Safety and Effectiveness With Expedited Approvals

I must emphasize that an expedited review or an early approval does not mean that the drug is any less safe or effective than one that is approved closer to or on its Prescription Drug User Fee Act date. Many of the OHOP’S oncologists are practicing physicians who assume the care of patients with cancer and understand the need to facilitate the approval of important drugs while maintaining the high standards of safety and effectiveness.

Early approvals are not at the expense of the quality of the review. Extra resources are allocated to the review of these applications by assigning multiple reviewers to an application, enhancing communication within the review teams and field inspectors, as well as providing greater communication with sponsors to quickly resolve issues that may arise during the review. This resource allocation planning often begins prior to the actual application being submitted to the FDA.

Working With the Cancer Community

Our goal is to keep making safe, innovative, and effective cancer treatments available for patients. The OHOP currently has several ongoing projects with advocacy groups and professional organizations to facilitate regulatory science aimed at getting safe and effective cancer therapies to patients faster.

We have held workshops with these groups to examine dosing of oncology drugs to optimize the effectiveness and reduce the toxicity of cancer drugs, ways of improving and facilitating access to unapproved drugs, as well as efforts to increase enrollment in clinical trials by expanding the eligibility criteria for these trials.

We work closely with other centers and offices throughout the agency as well as the National Cancer Institute.

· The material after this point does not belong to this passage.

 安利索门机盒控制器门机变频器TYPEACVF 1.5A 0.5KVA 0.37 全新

The OHOP also participates in a monthly teleconference with drug regulators from other countries to share ideas and concerns regarding various oncology drug applications.

The OHOP also plans to expand on the agency’s “patient voice” initiative. Over the next year, the OHOP will begin a project on patient-reported toxicity as a way to incorporate the patient’s perspective in the description of toxicity and the safety of cancer treatments.

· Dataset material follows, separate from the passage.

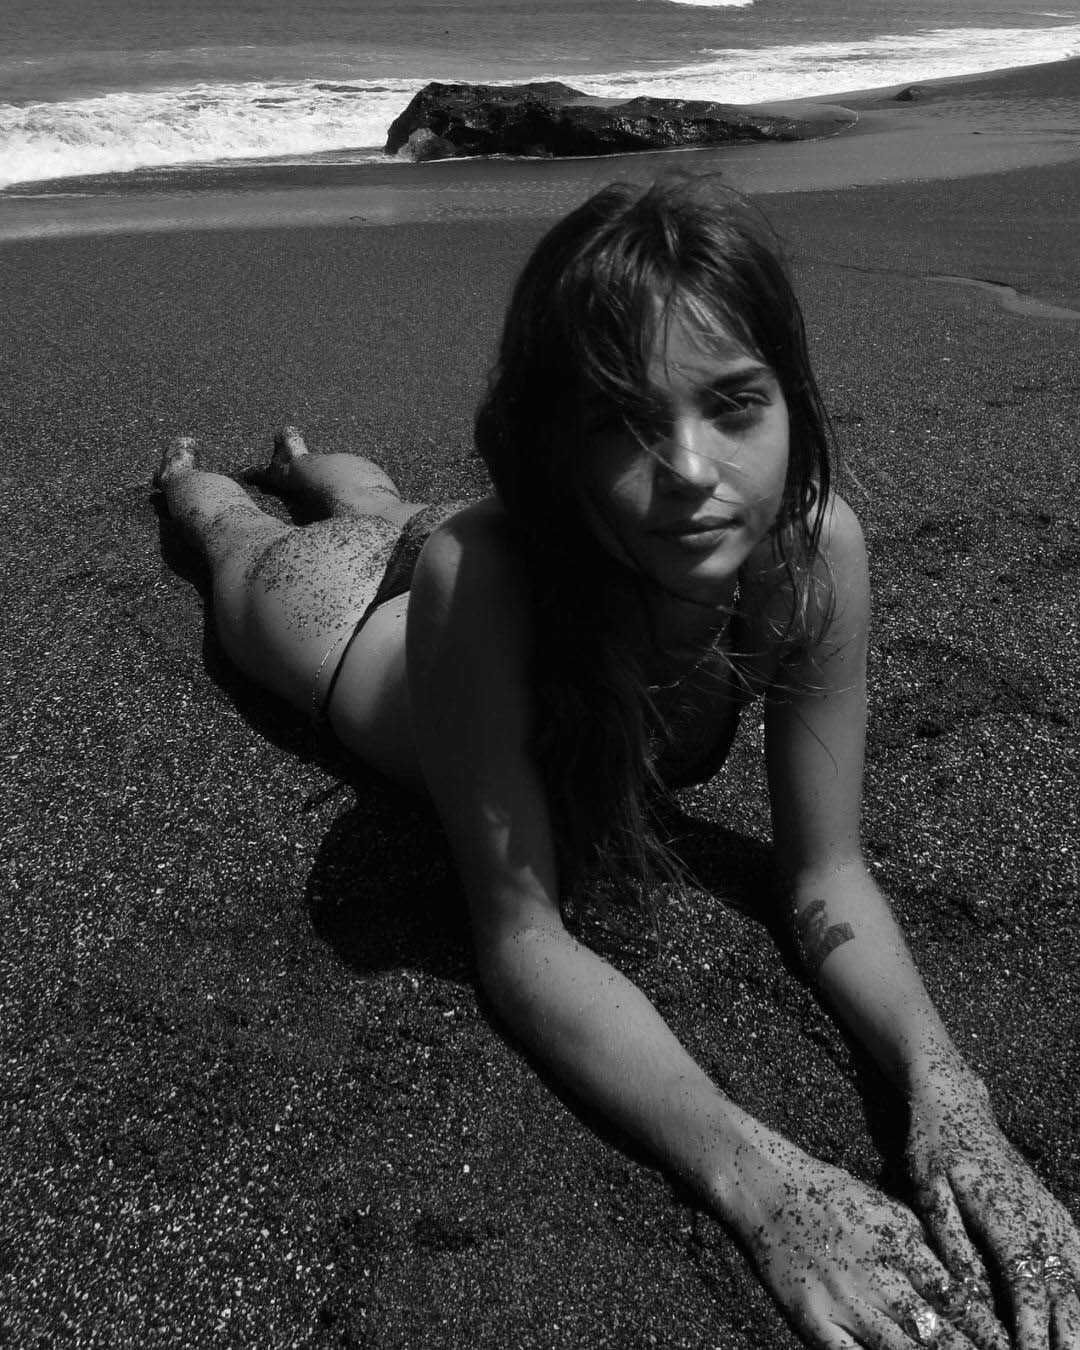 Γυμνή σε σέξι φωτογραφίες η Inka Williams

Ensuring Safe and Effective Oncology Drug Products

In 2016, the OHOP will continue to conduct thorough reviews of oncology drug product applications and approve drugs that meet the agency’s rigorous standards. We have over 70 medical oncologists as well as pediatric oncologists, radiation oncologists, oncology nurses, physician assistants, and oncology pharmacists who participate in the clinical evaluation of safety and effectiveness of oncology drugs.

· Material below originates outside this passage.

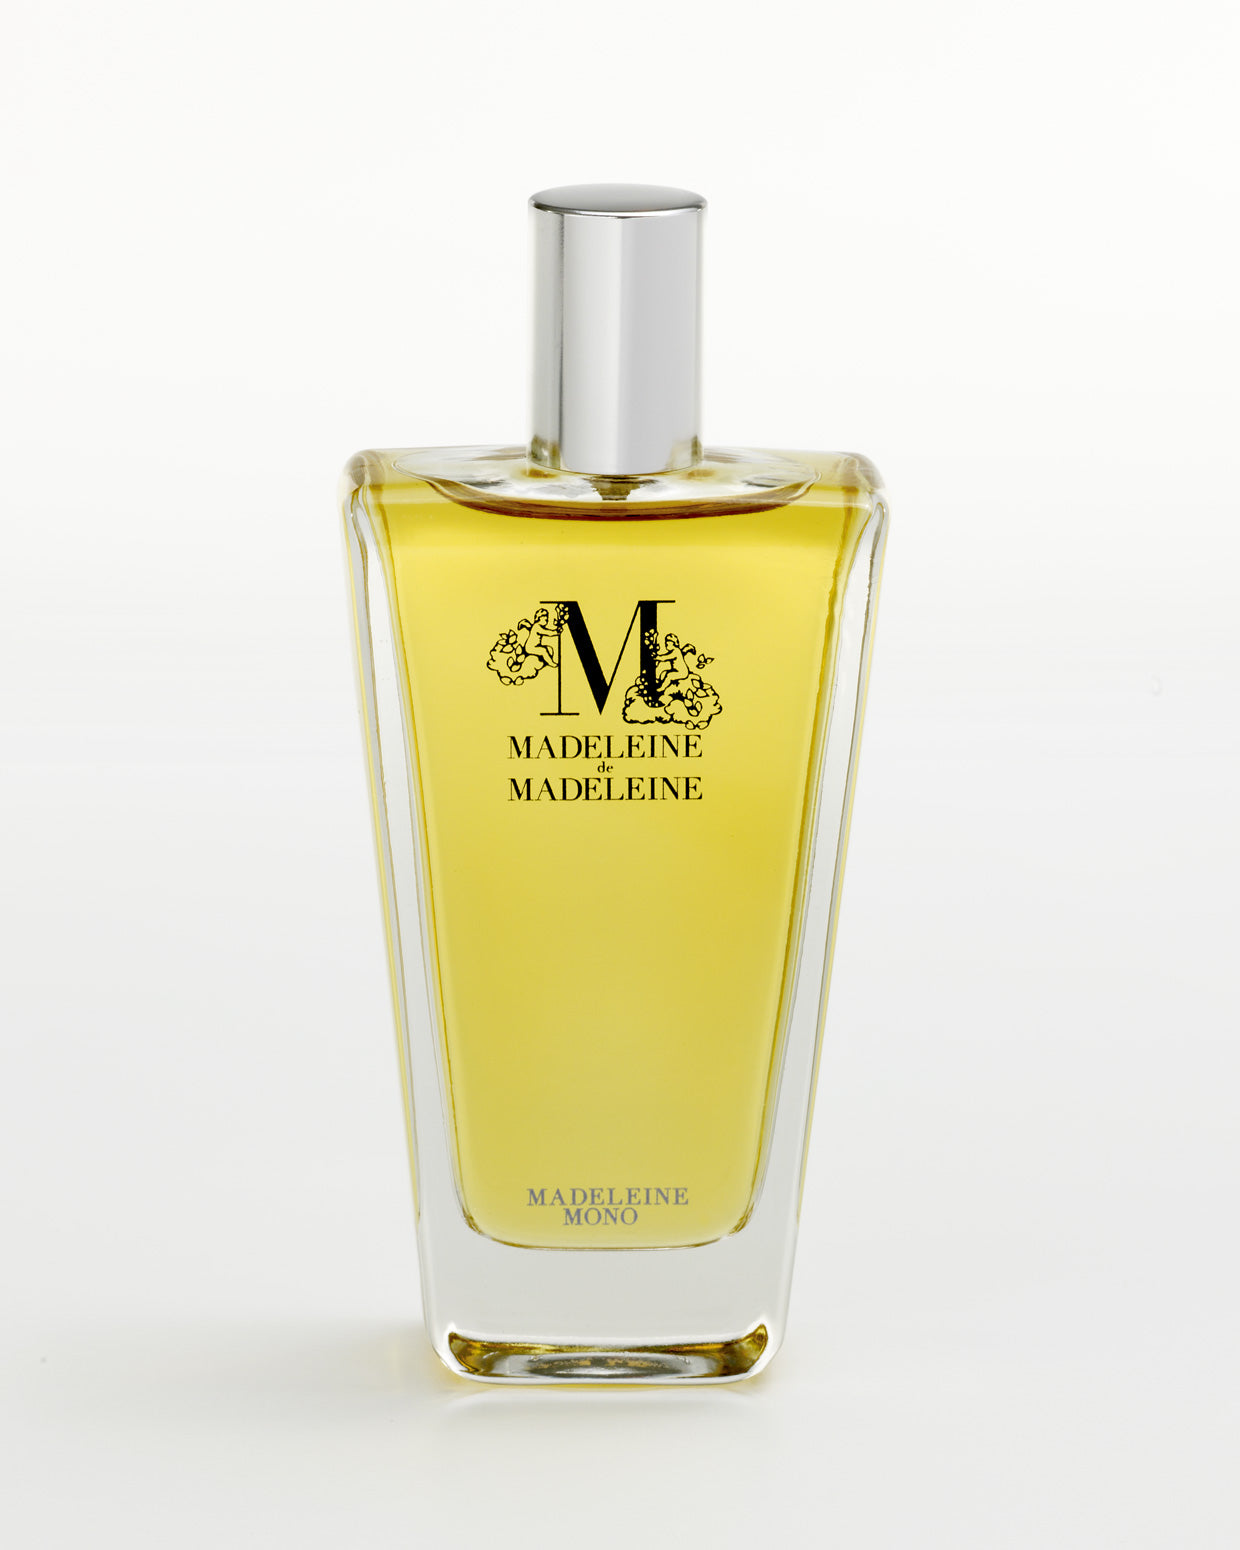 Madeleine Mono Madeleine de Madeleine Perfum

In addition, there are statisticians and basic scientists examining the clinical pharmacology and toxicology of these drugs as well as chemists involved in the review of manufacturing. Through the use of the expedited review programs and the commitment of these individuals, our aim is to provide the American public facing serious and life-threatening diseases with the latest advancements in the field while ensuring the safety and effectiveness of these drugs. ■

Disclosure: Dr. Pazdur reported no potential conflicts of interest.